5. Results and Discussion

This study aims to verify the effectiveness of security awareness in cyber security incident response and its priority in various control measures. Aligning with the MP2DR2 risk control matrix model, we established the final version of the calculation and made the following assumptions based on the data:
  • There are four corresponding control measures—vulnerability assessment (c1), big data analysis (c2), emergency response (c3), and security event processing (c4)—and they must be sorted to determine priority.
  • To simplify the problem, the asset type is set as tangibles (a1), and data and documents (a2). The weights of the three assets are λ 1 = 1 3 , λ 2 = 2 / 3 .
  • There are six threats: hardware failure (t1), physical environment threat (t2), hacker attack (t3), malicious code and viruses (t4), ultra viruses and abuse (t5), and hacker attacks (t6); the weights of each threat are ω 1 = 3 / 12 ,   ω 2 = 3 / 12 , ω 3 = 3 / 12 , ω 4 = 1 / 12 , ω 5 = 2 / 12 , ω 6 = 1 / 12 .
The effectiveness ranking results of control measures are shown in Table 3. The effect matrix of control measures can be calculated according to Equation (7), as shown in Table 4. According to Equation (9), the sequence of the comprehensive effect matrix of control measures can be calculated, as shown in Table 5.
Threats and assets remain unchanged, and security awareness (c5) is added to the set of control measures. The effectiveness ranking results of control measures are shown in Table 6. The effect matrix of control measures can be calculated according to Equation (7), as shown in Table 7. According to Equation (9), the sequence of the comprehensive effect matrix of control measures can be calculated, as shown in Table 8.
After adding the control measure of security awareness, threats of operational errors and process violations (t2) can be effectively solved, resulting in a new threat set. The weight of each threat changes to ω 1 = 3 / 10 ,   ω 2 = 3 / 10 , ω 4 = 1 / 12 , ω 5 = 2 / 10 , ω 6 = 1 / 10 . The results obtained according to the above calculation process are shown in Table 9, Table 10 and Table 11.
To facilitate analysis of the change in effective value after adding security awareness, data in Table 5, Table 8, and Table 11 are presented in broken line charts, as shown in Figure 1, Figure 2 and Figure 3.
The abscissa indicates the priority of each control measure, and the ordinate represents the effective value of each control measure. Figure 1 shows the change in the effective value of the priority of the original four control measures in the incident response. Figure 2 shows the effective value of each control measure ranked in terms of priority after adding the control measure of security awareness. Figure 3 shows the change in threat set after adding security awareness to the control measures. After recalculating the data of the new threat set, the effective value of each control measure in priority ranking changes. Comparing the three figures shows that security awareness impacts the incident response of cyber security incidents. As shown in Figure 2, among all the control measures ranked first, the effective value of security awareness is similar to that of security event processing. Further, the addition of security awareness to the original control measures has a significant regulatory effect on the effectiveness ranking for the sequence of control measures. Therefore, security awareness is necessary for the cyber security incident response process.

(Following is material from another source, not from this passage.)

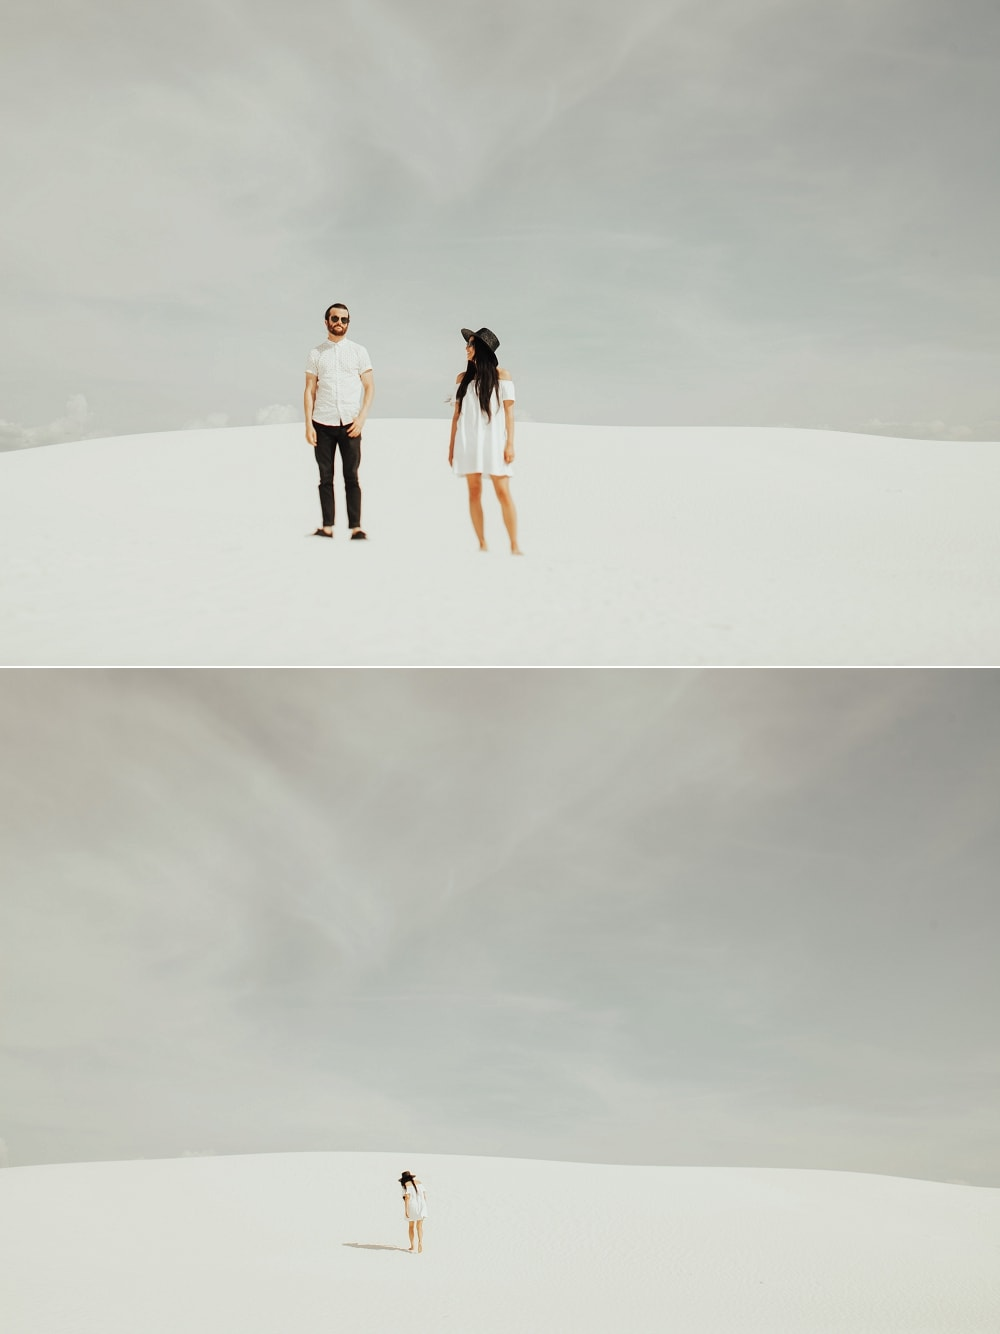 white sands national park couple
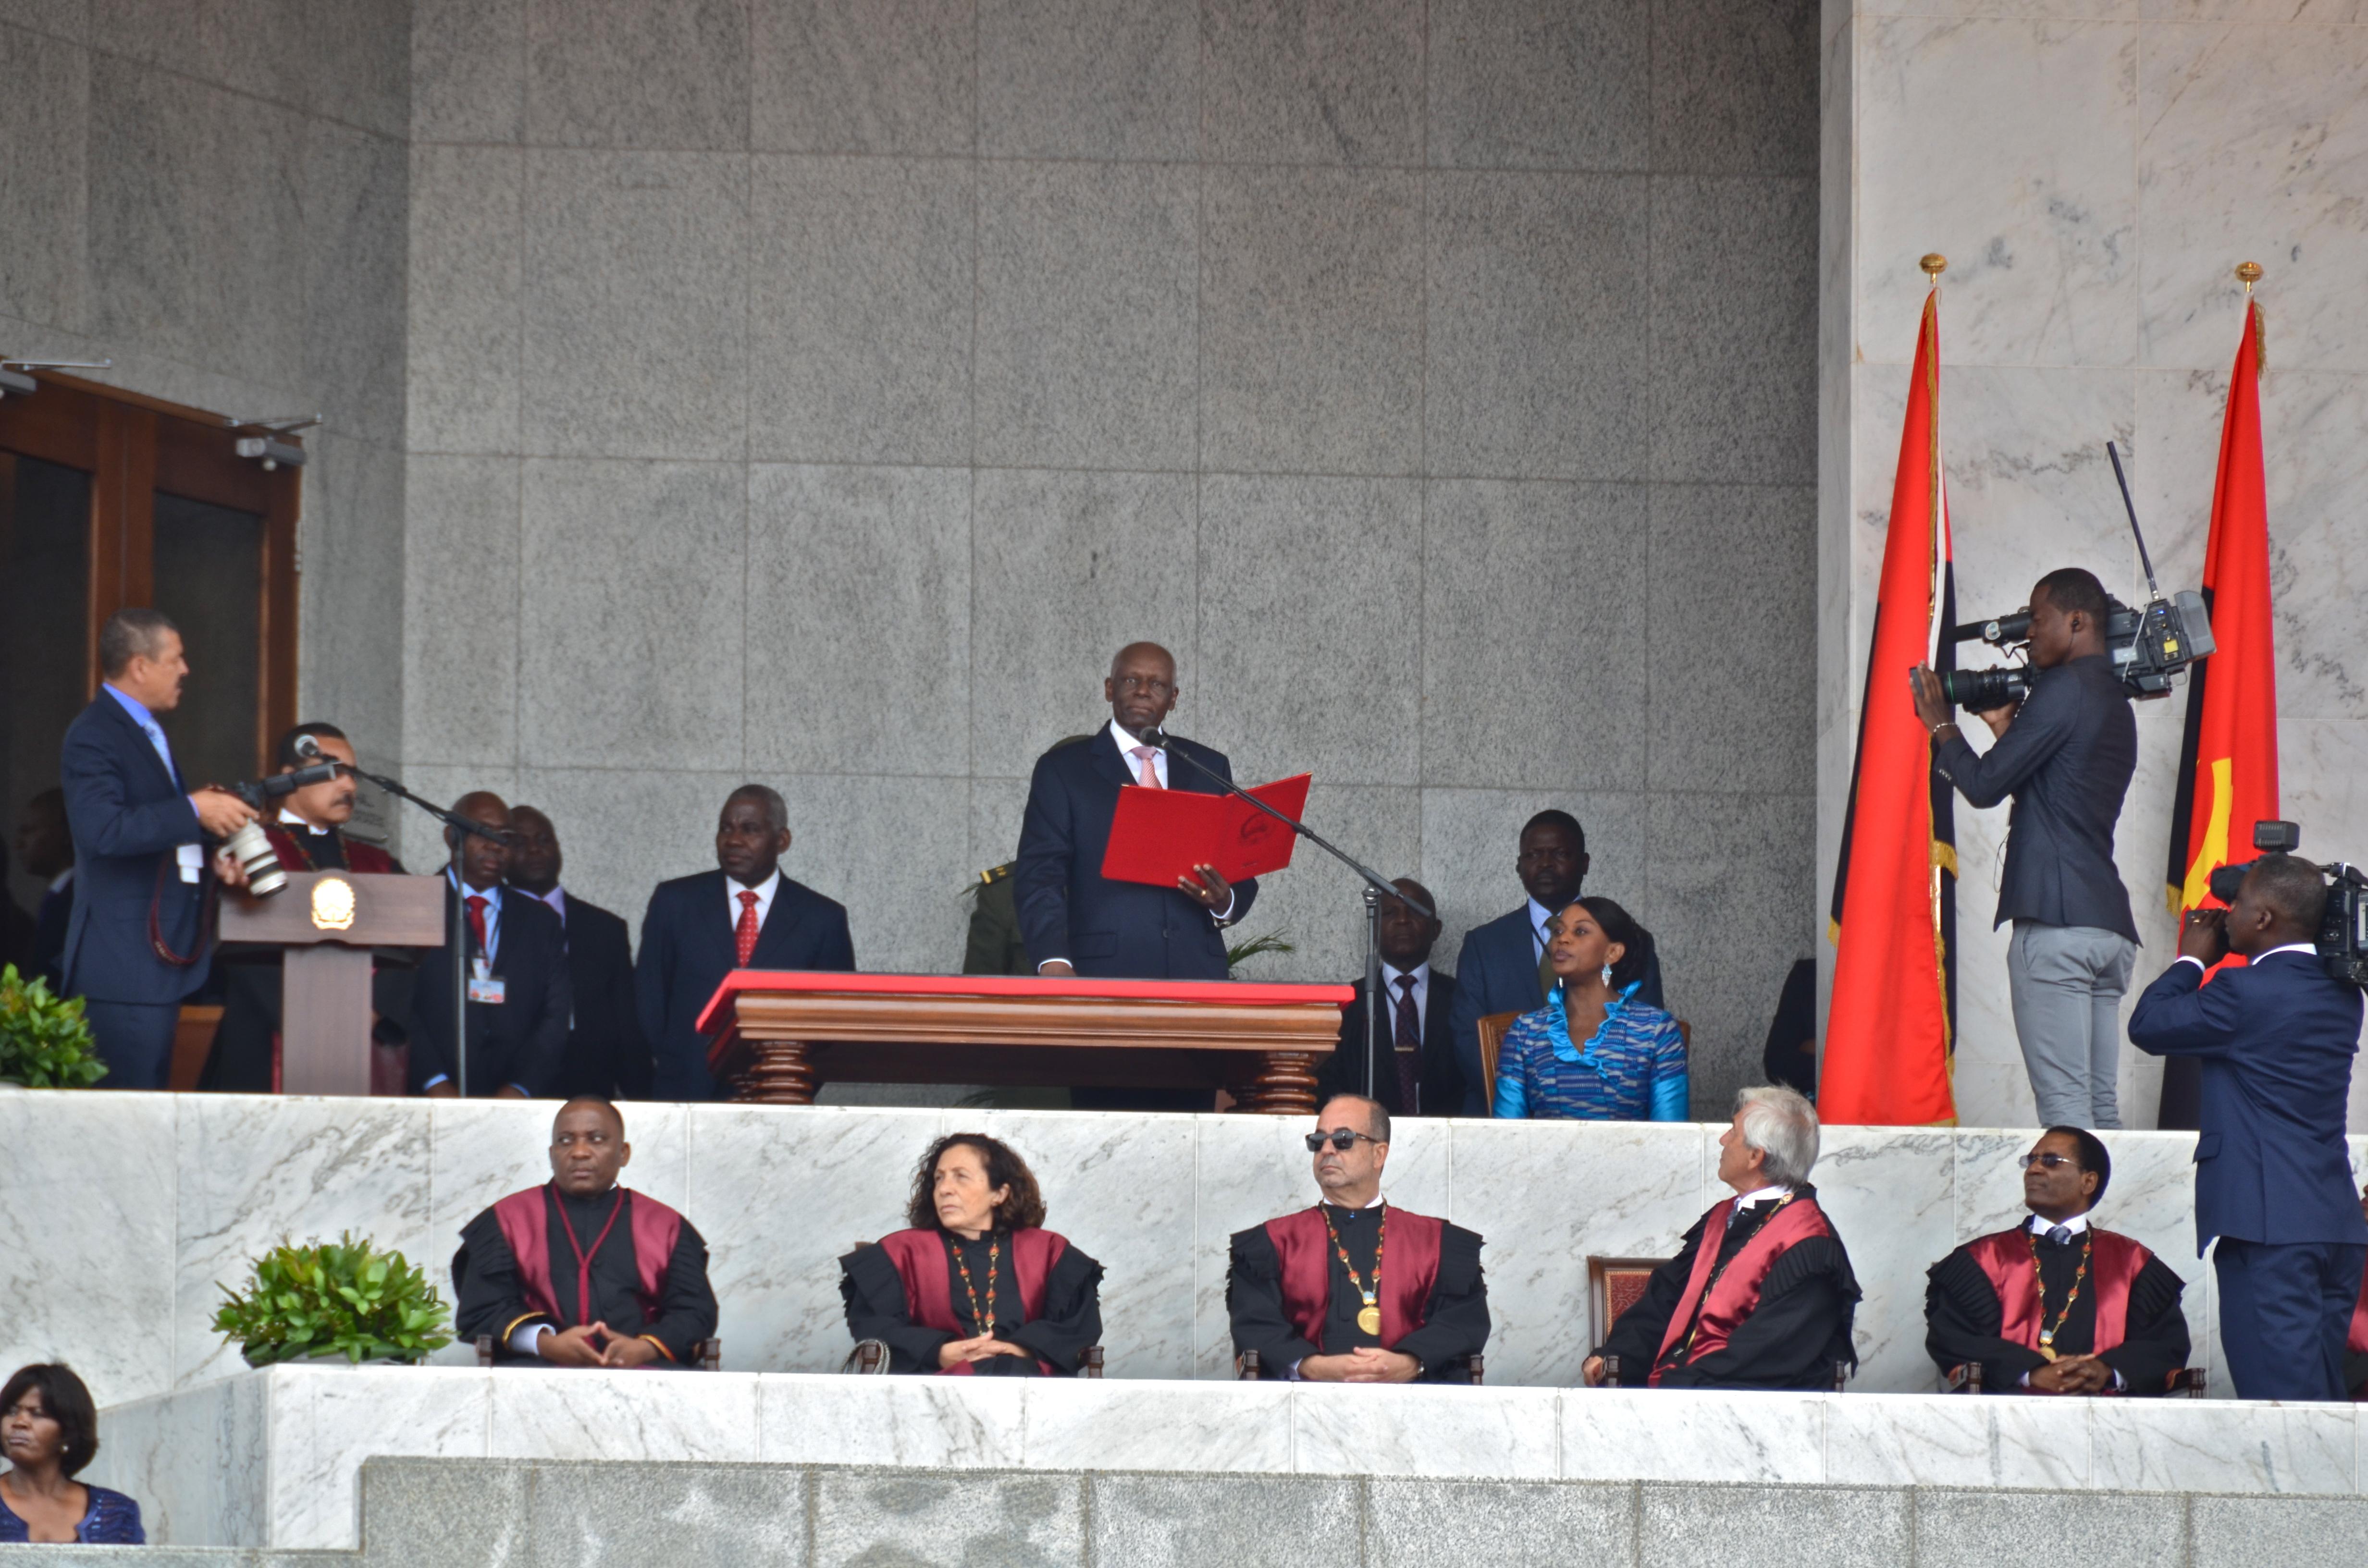 Juramento do Presidente República

6. Limitations and Future Research

This study has several limitations, opening avenues for future research to explore interesting areas. First, this model was developed using thematic interpretations that were part of a scoping review. The model is a result of the authors’ ideological frame of reference and understanding of information security awareness. To reduce this bias, future research may want to pursue a more structured approach to the literature review, or go further and perform a meta-analysis of information security awareness.
Second, our method is aimed at security awareness among employees during incident handling and response and does not include security awareness among personnel outside of the organization being evaluated. Therefore, our findings are limited because we cannot point out the impact of external security awareness on industrial control systems. It is for this reason that we advocate future research expanding security awareness in terms of the severity of industrial control system cyber security incidents to a wider range and evaluating security awareness beyond that of the organization to determine its effects, so as to better protect the industrial control system in cyber security incidents.

7. Conclusions

Cyber security incident response is essential to ensure business continuity. There are various approaches to incident management, and different approaches have multiple limitations. Cyber security risks are inevitable, and it is far from sufficient to build cyberspace only from the perspective of security technology. The existence of network vulnerability is sometimes due to the lack of cyber security awareness among some computer users, technology developers, and system managers. Vulnerabilities caused by a lack of security awareness in industrial control systems, in particular, pose severe risks to critical infrastructure. Increasing employees’ level of knowledge on possible security threats, system vulnerabilities, and security risks in industrial control systems, and allowing them to be responsible in terms of information security and aware of potential cyber attacks, will ensure that the information, systems, and networks they interact with are well protected. We should recognize the substantial effectiveness of cyber security and even citizens’ national cyber security awareness.
The current research can be extended by considering personal, social, and cultural characteristics that are indicative of the level of susceptibility that one may exhibit towards certain attack types [50]. In terms of cyber security awareness education and training, a recent study proposed a cyber security competency model that integrates learning theories (cognitive, affective, and psychomotor), learning continuum hierarchy (awareness and training), and cyber security domain knowledge [51], which are some rewarding future research directions of the current study. By considering highly interactive digital and face-to-face cyber security training, one can extend the current study [52]. Moreover, Izosimov et al. [53] state that security awareness among users and developers is the foundation to deployment of an interconnected system of systems, and provide recommendations for steps forward, highlighting the roles of people, organizations and authorities. Thus, this research can be extended by considering different forms of cyber security awareness projects for different groups, encouraging and mobilizing the participation of the whole of society, establishing and improving the “top-down” three-dimensional network security education strategy, and supporting the formation and promotion of national cyber security awareness through the systematization of implementation subjects.

Author Contributions

K.W., conceptualization, methodology, data curation, writing—original draft, and writing—review and editing. X.G., conceptualization, methodology, and writing—review and editing. D.Y., methodology, validation, investigation, writing—review and editing, supervision, and funding acquisition. All authors have read and agreed to the published version of the manuscript.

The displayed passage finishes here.